Город. Горгоны вытеснили атлантов с побережья, уничтожили их поселения, но ведь крепости стоят! Бухты пустуют! Нельзя, чтобы все это пропадало просто так. И я хочу построить город.

— Вторую Темискиру? — жадно спросила Аргира.

— Нет. Темискира может быть одна. И называться город будет не так. Город Кирены или что-нибудь в этом роде (Кирена фыркнула). Но если ты хочешь знать, будет ли этот город по духу подобен Темискире, я отвечу — не во всем. Мы должны учитывать, что здесь другая страна и другие народы…

— Ты собираешься распространить власть Керне на все пространство между Великими мелями? — тихо осведомилась Митилена. — Построить Новую Атлантиду?

— Да что вы как сговорились — «вторая Темискира», «Новая Атлантида»! Ни то и ни другое… — Я почувствовала, что говорю о том, о чем говорить еще рано, и докончила: — И, кроме того, оживленные работы на берегу не только озадачат противника, но и создадут у него впечатление, что людей здесь гораздо больше, чем на самом деле. К работам привлекайте атлантов. Если не хватит — наймите еще на острове. Платите им из казны. Ихи, это к тебе относится.

Дальше пошло обсуждение деталей, и оно заняло оставшееся время Совета.

Меня тревожило, что Хтония ничего не сказала, и, когда мы вышли, спросила, не имеет ли она возражений против моего плана.

— Нет, — ответила она. — Но иногда очень трудно говорить с тем, кто в тебя вселяется.

— И ты туда же! Почему всем так нравится думать, будто в меня что-то вселяется?

Митилена, которая шла за нами, подхватила:

— Да. Я не знаю, как это у тебя получается. То, на что другие положили бы массу усилий, ты делаешь легко, и, даже, кажется, без особого желания.

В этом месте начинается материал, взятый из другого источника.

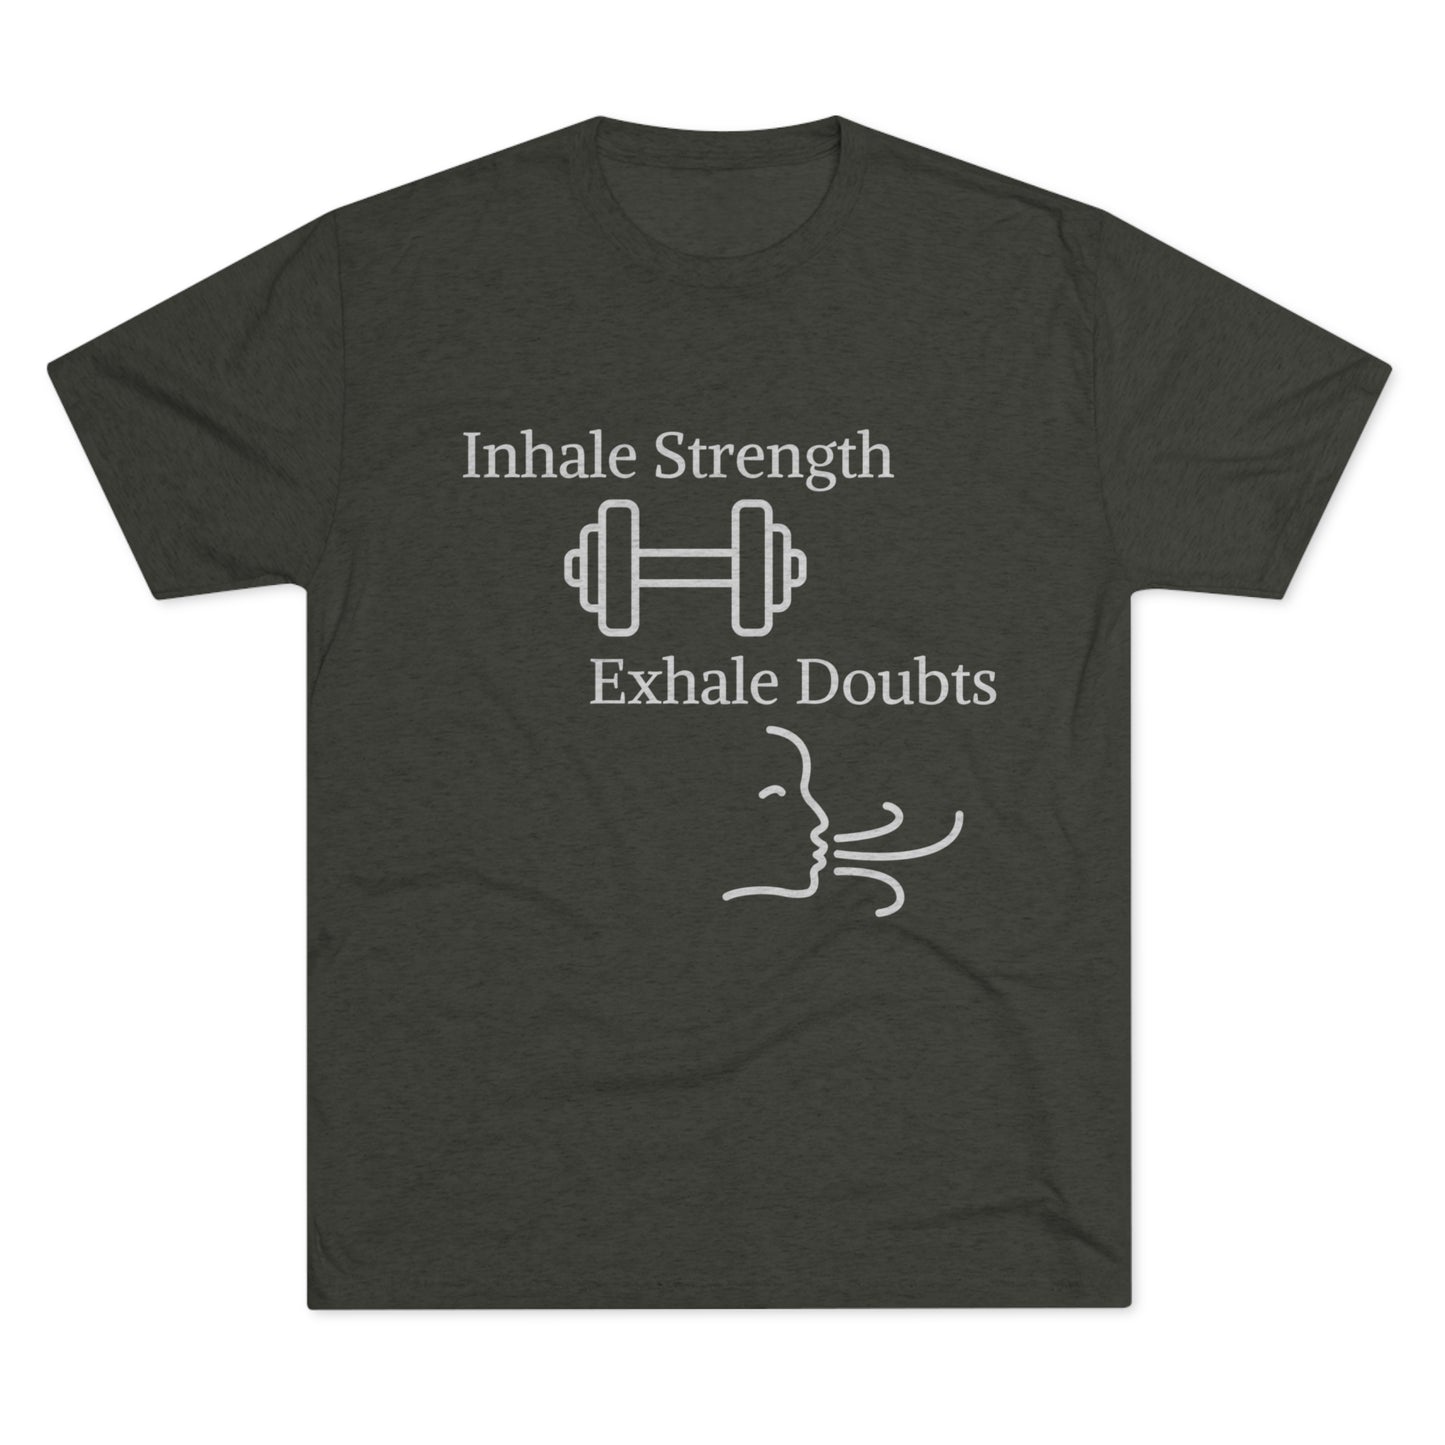 A dark grey motivational T-shirt with the phrase "inhale strength, exhale doubts" printed in white. Above the text is a dumbbell icon, and below is a simple line drawing of ex. Check out the Inhale Strength Exhale Doubt w Images - Unisex Tri-Blend Crew Tee by Printify!
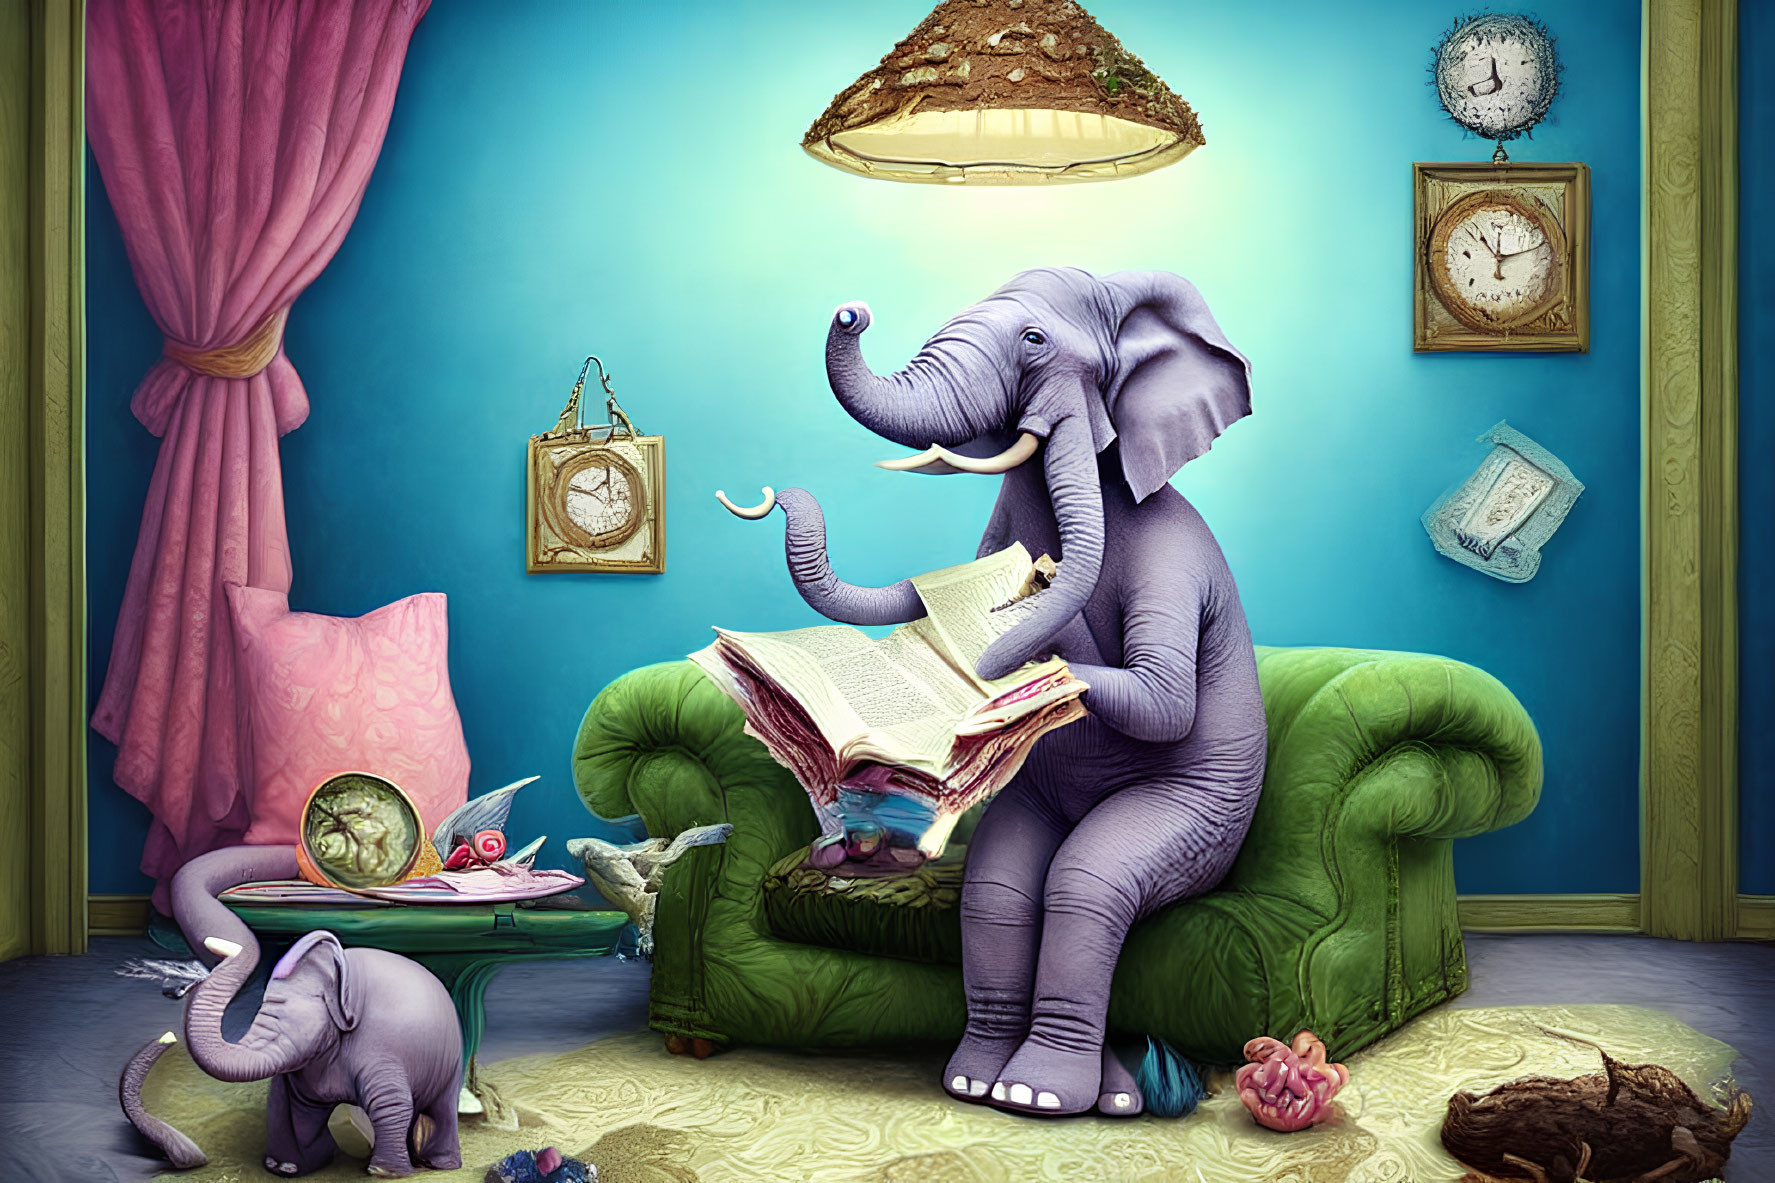 Whimsical anthropomorphic elephant reading with clocks and cat

Совершенно очевидно, что у людей возникает вопрос — ты ли это делаешь или кто-то через тебя? Воля Дике Адрастеи? Дух погибшей Пентезилеи, как считали вначале? Некий неназываемый демон? Или…что-то иное?

Мне не хотелось продолжать этот разговор, и я спросила о другом. Нарочно, в присутствии Хтонии.

— Ты упоминала о каких-то своих подозрениях, которые приберегались для общего совета. Они подтвердились?

Присутствие Хтонии ее отнюдь не смутило.

— До некоторой степени. Этот город… Когда ты сказала, что не будет ни второй Темискиры, ни Новой Атлантиды, тебе следовало бы пояснить, что ты имеешь в виду. — А ловко она схватила, что не зря я умолчала. — Но, во всяком случае, вторая Темискира была бы тебе более прилична.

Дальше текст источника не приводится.